EXERCISE DESCRIPTION
What you return should be only the lines starting at the one that contains "Crna majica uskog" and running to the end of the listing, exactly as written, minus any pictures.
═══ SOURCE MATERIAL
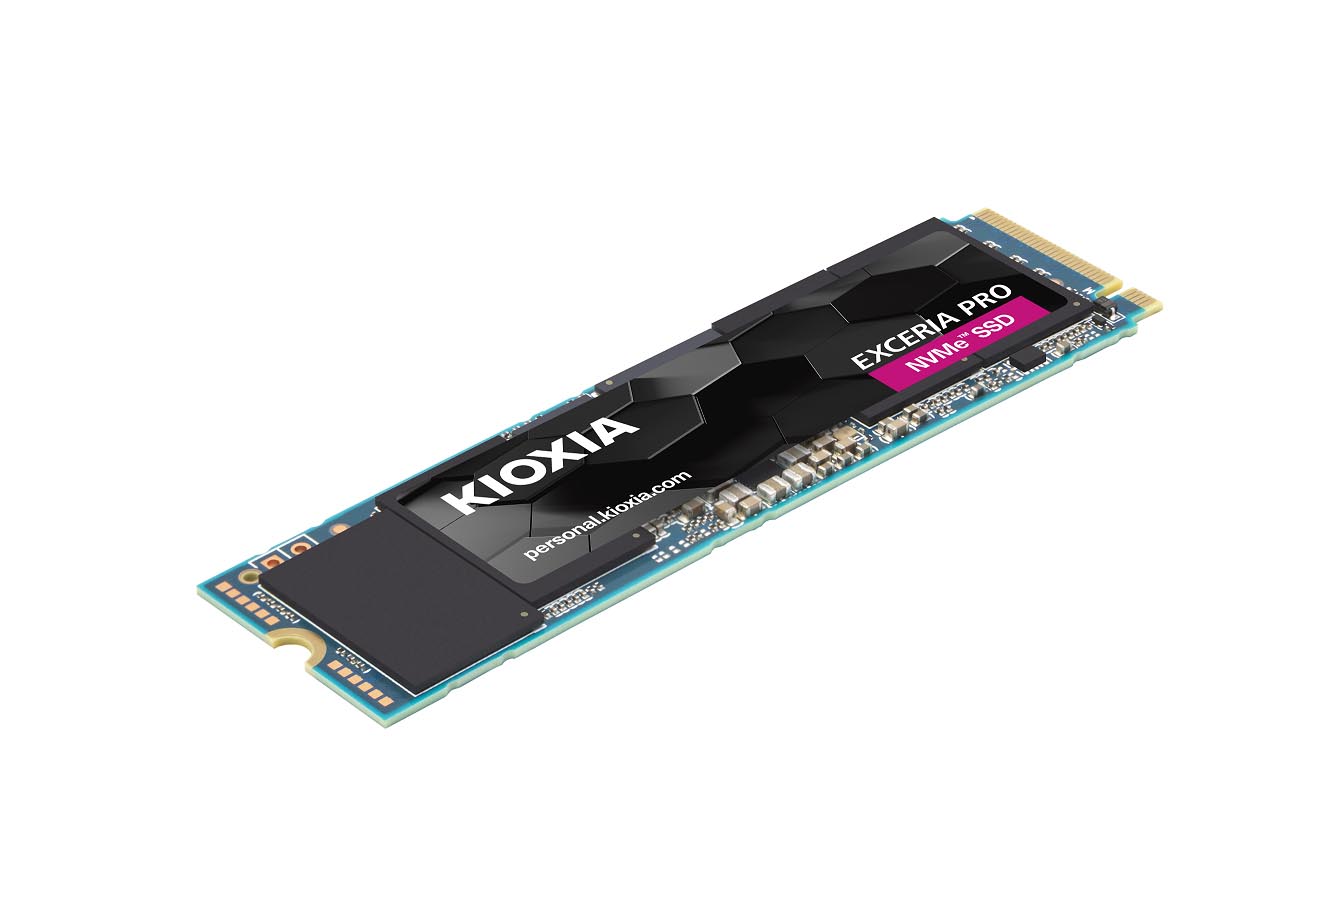 キオクシア、PCIe 4.0対応のパーソナル向けM.2 NVMe SSD「EXCERIA PRO 
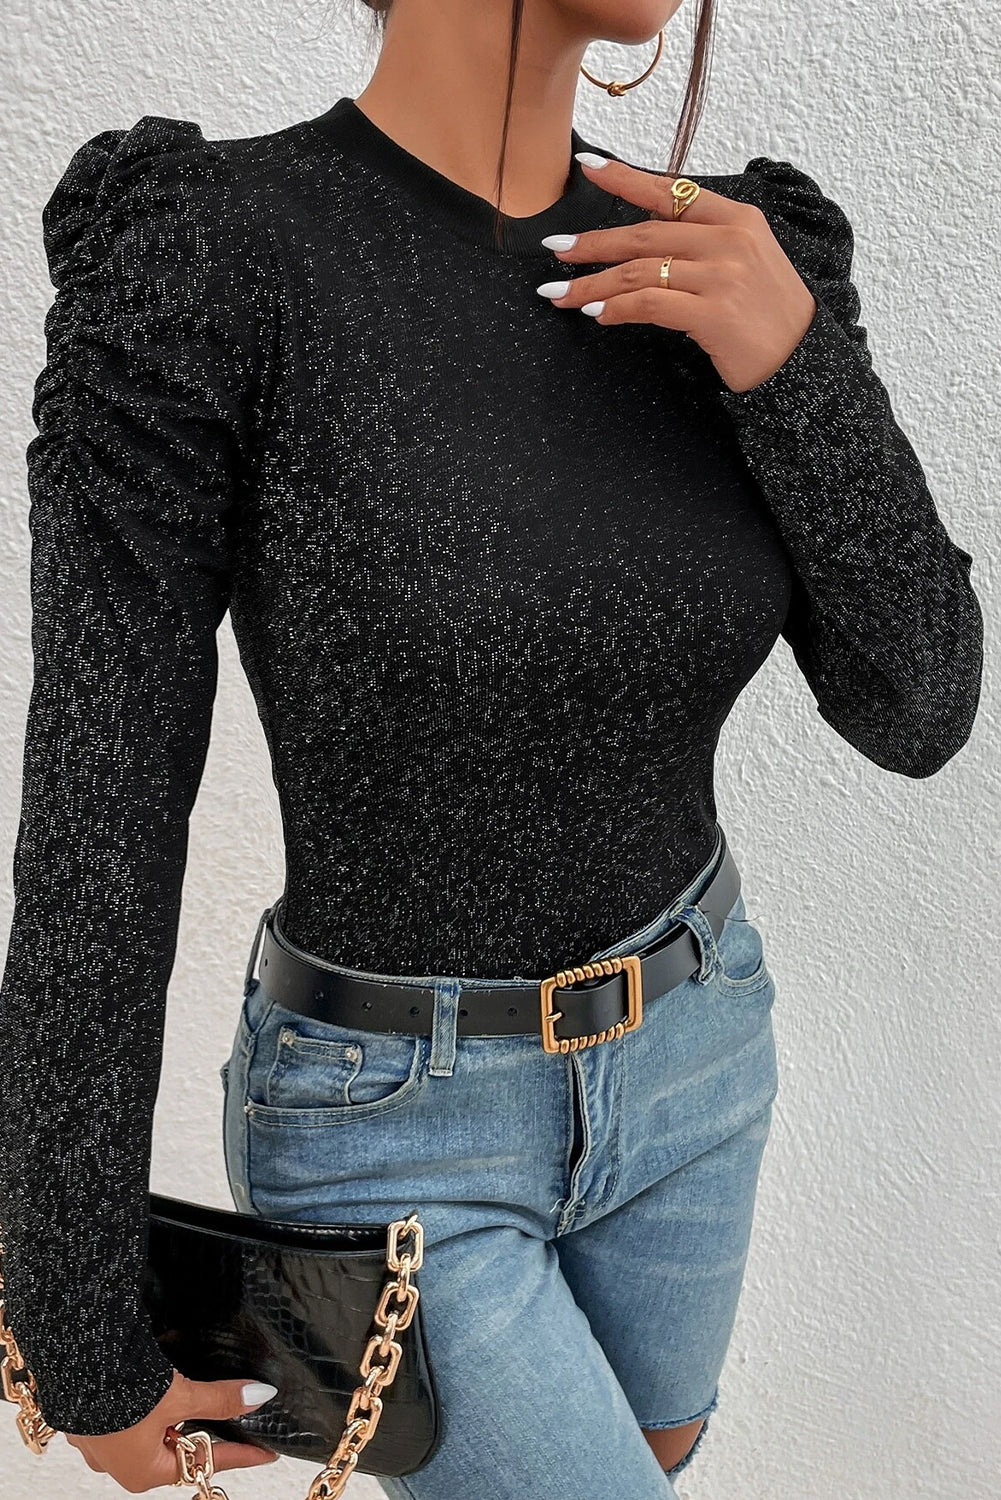 Crna majica uskog kroja s metalnim pletenim rukavima
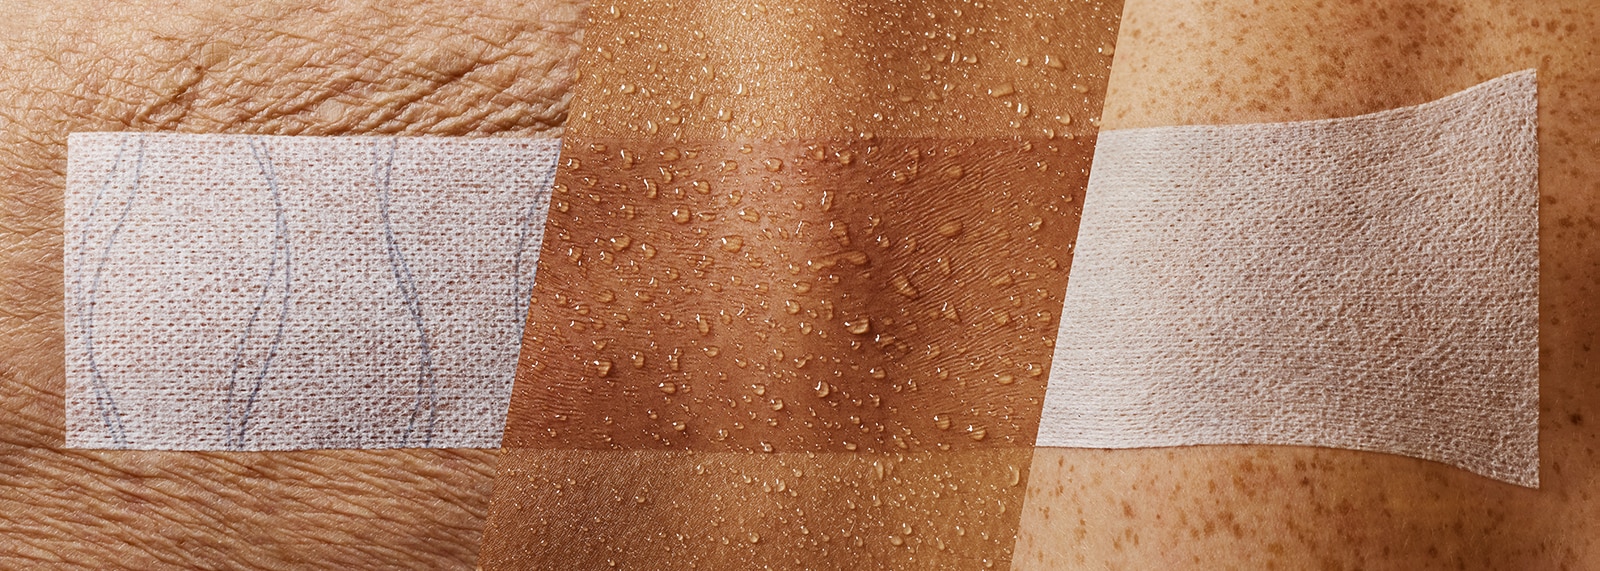 Primo piano di 3 medicazioni di fissaggio applicate su 3 diversi tipi di pelle (medicazione su pelle anziana e rugosa, medicazione trasparente su pelle umida e medicazione stirata su un'articolazione).
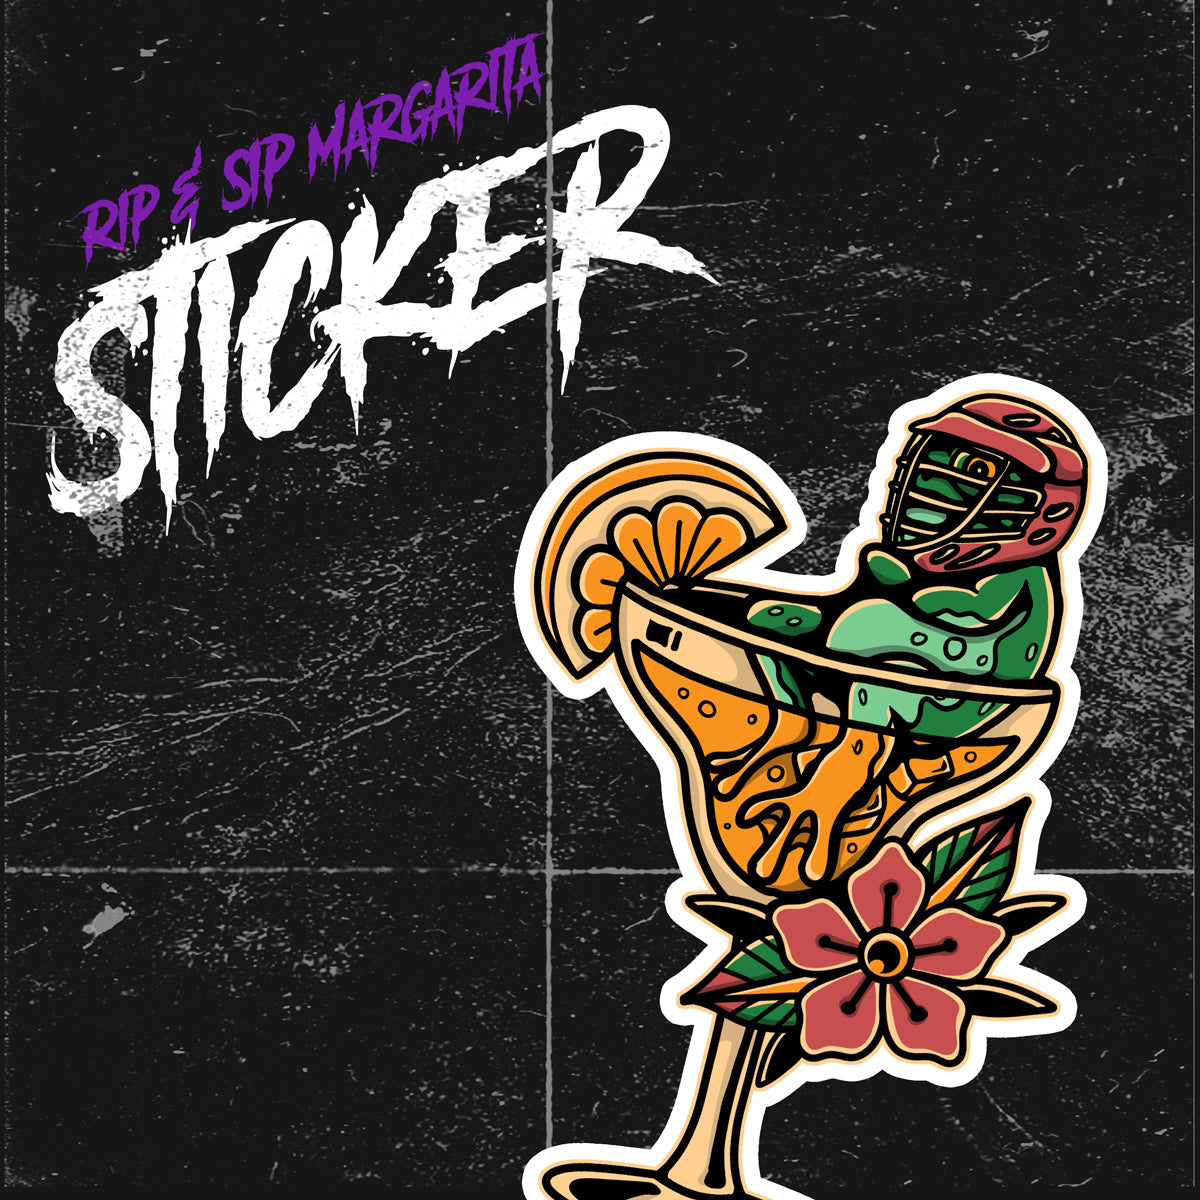 Rip & Sip Margarita - Vinyl Sticker
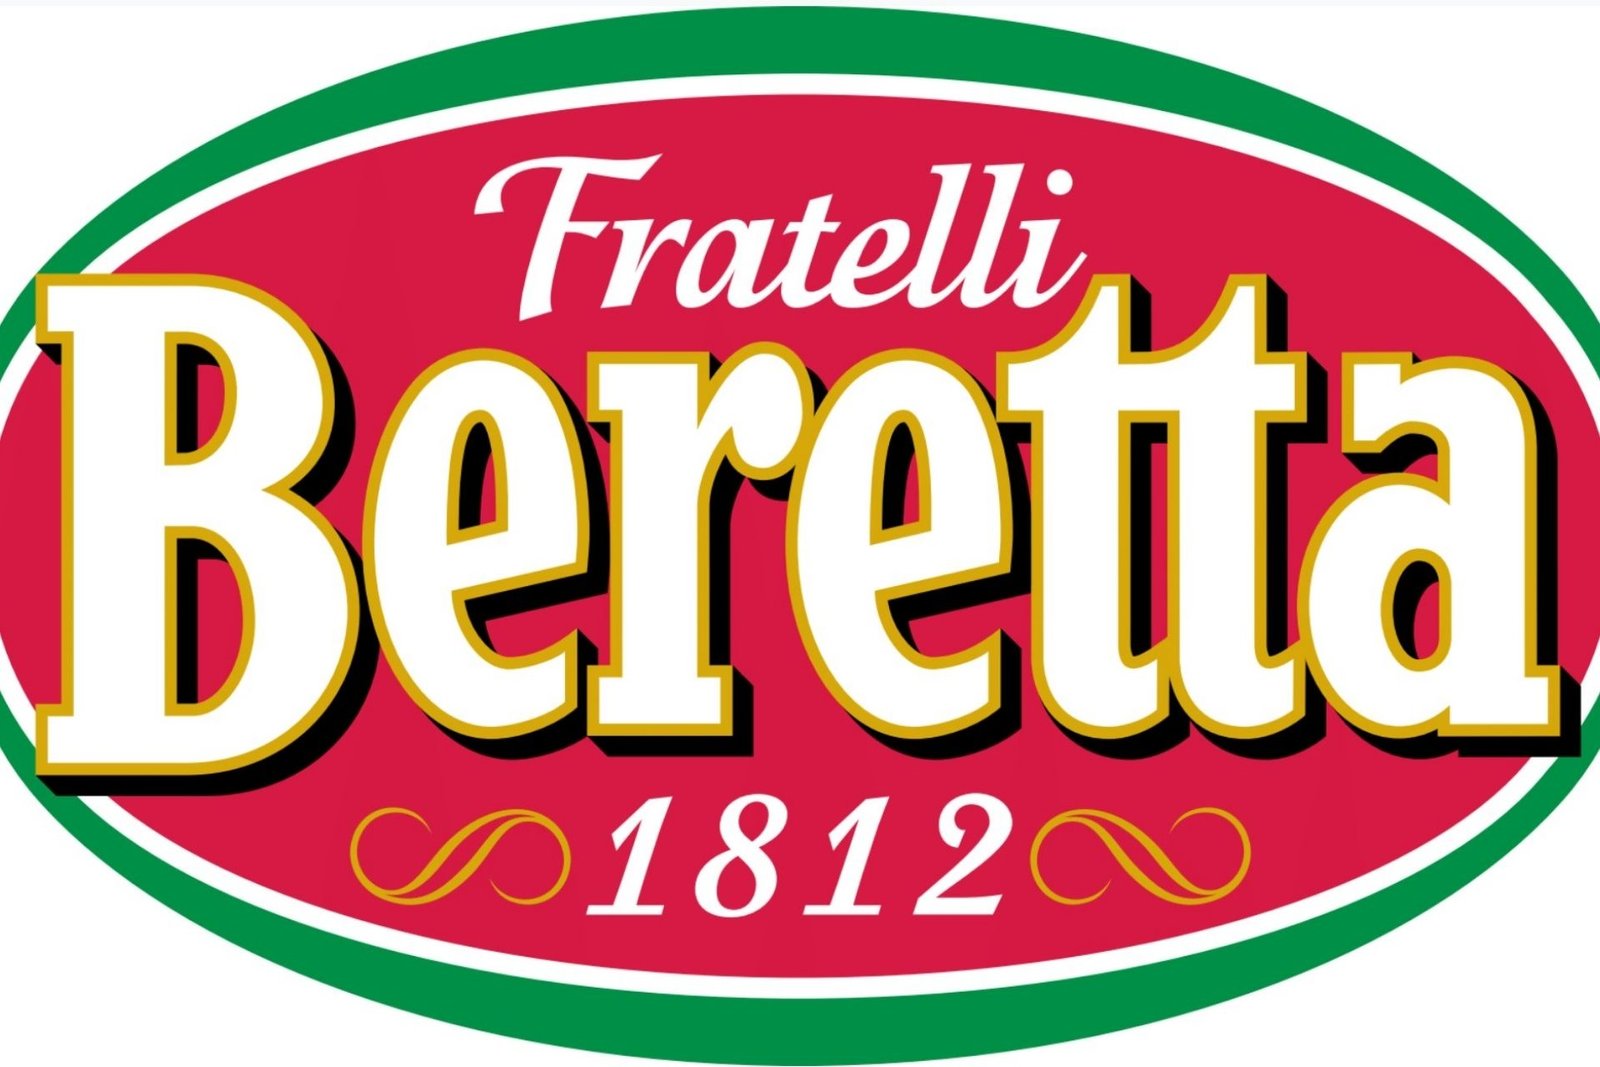 Fratelli Beretta
══════
RESPONSE
 Crna majica uskog kroja s metalnim pletenim rukavima
 Primo piano di 3 medicazioni di fissaggio applicate su 3 diversi tipi di pelle (medicazione su pelle anziana e rugosa, medicazione trasparente su pelle umida e medicazione stirata su un'articolazione).
 Rip & Sip Margarita - Vinyl Sticker
 Fratelli Beretta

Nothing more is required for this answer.